“Faster R-CNN: Towards Real-Time Object Detection with Region Proposal Networks” was submitted to arXiv in June 2015 by Shaoqing Ren, Kaiming He, Ross Girshick, and Jian Sun. It closed the last major gap in the R-CNN family.
Fast R-CNN had made the detection stage quick, but it still depended on a separate, slow algorithm to propose where objects might be in an image, and that proposal step had become the bottleneck. Faster R-CNN’s contribution was the Region Proposal Network, a small convolutional network that generates candidate object regions directly from the same shared feature map the detector already computes. Because proposing regions and detecting objects now reuse the same convolutional features, the proposals are, in the authors’ phrase, nearly cost-free, and the whole system becomes a single network trainable end to end. The combined model reached state-of-the-art accuracy on the standard PASCAL VOC and COCO benchmarks while running at around five frames per second on a GPU.
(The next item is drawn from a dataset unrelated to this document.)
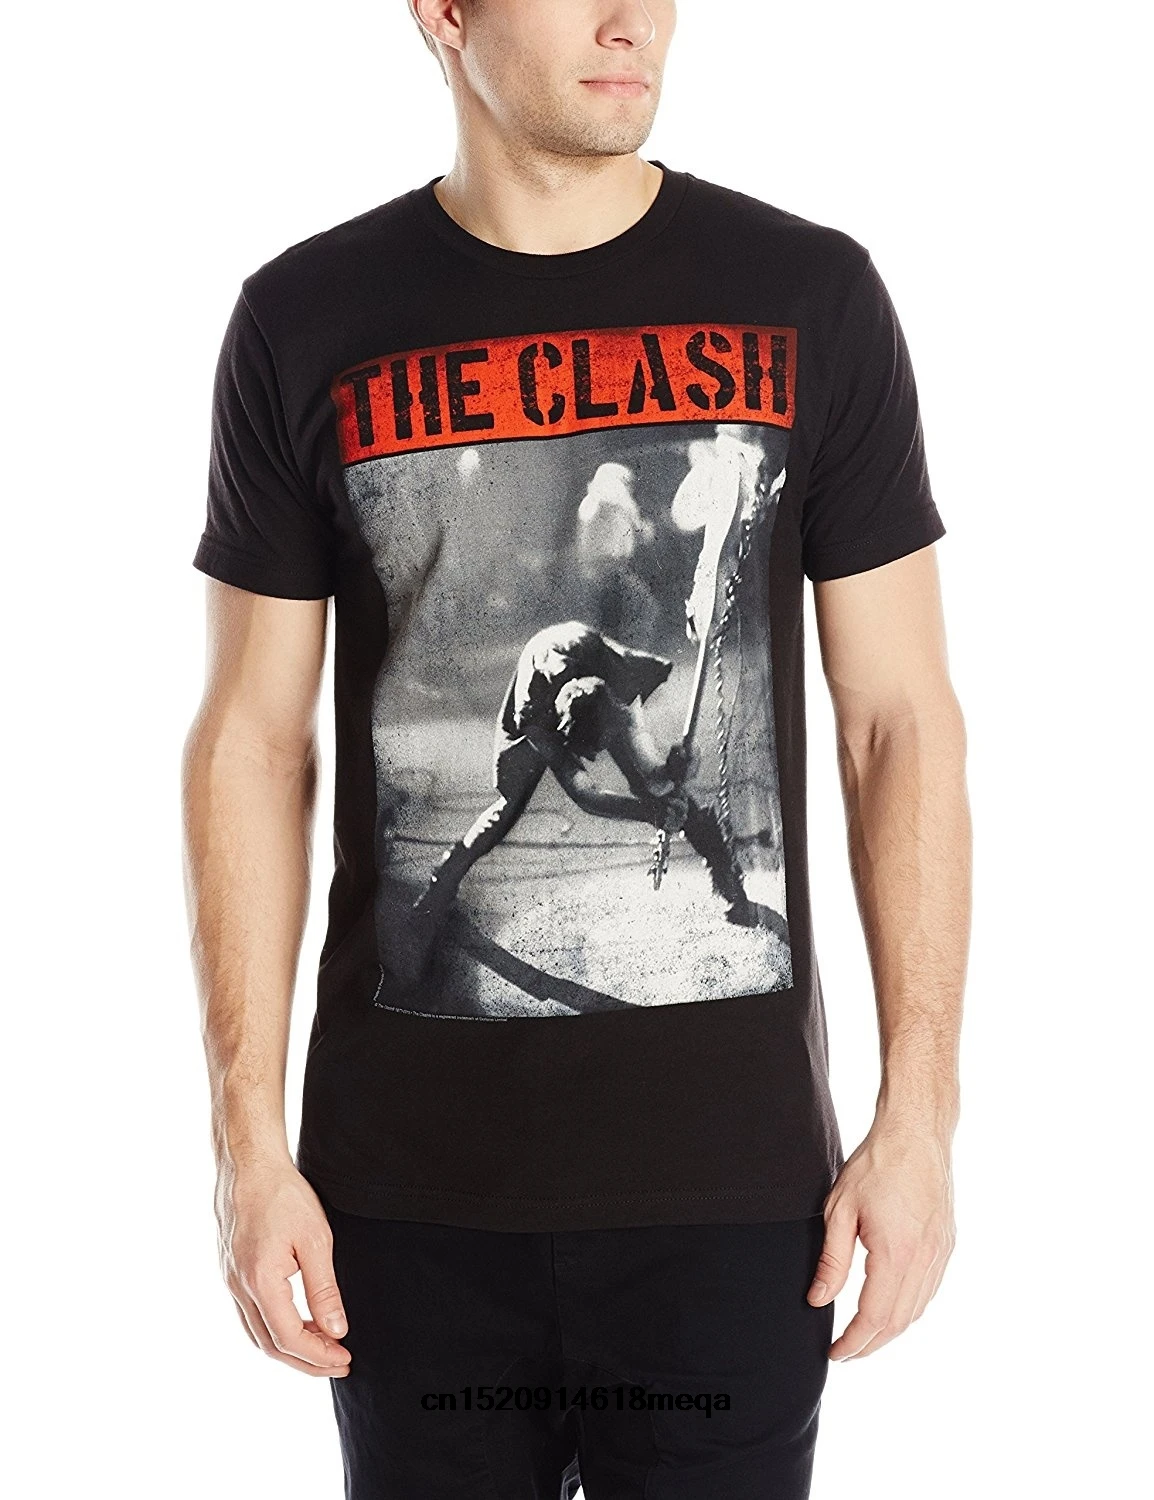 Camiseta de para hombre, barata hombre, Camiseta con estampado de la guitarra de choque contra golpes, camiseta - AliExpress

Faster R-CNN became the canonical two-stage detector and a workhorse of applied computer vision, underpinning systems for autonomous driving, medical imaging, and industrial inspection. Its design also formed the foundation for Mask R-CNN, which added pixel-level segmentation on top.
For a business reader, Faster R-CNN is where object detection became fast and unified enough to deploy in production, a quiet turning point behind many of the camera-based AI systems in use today.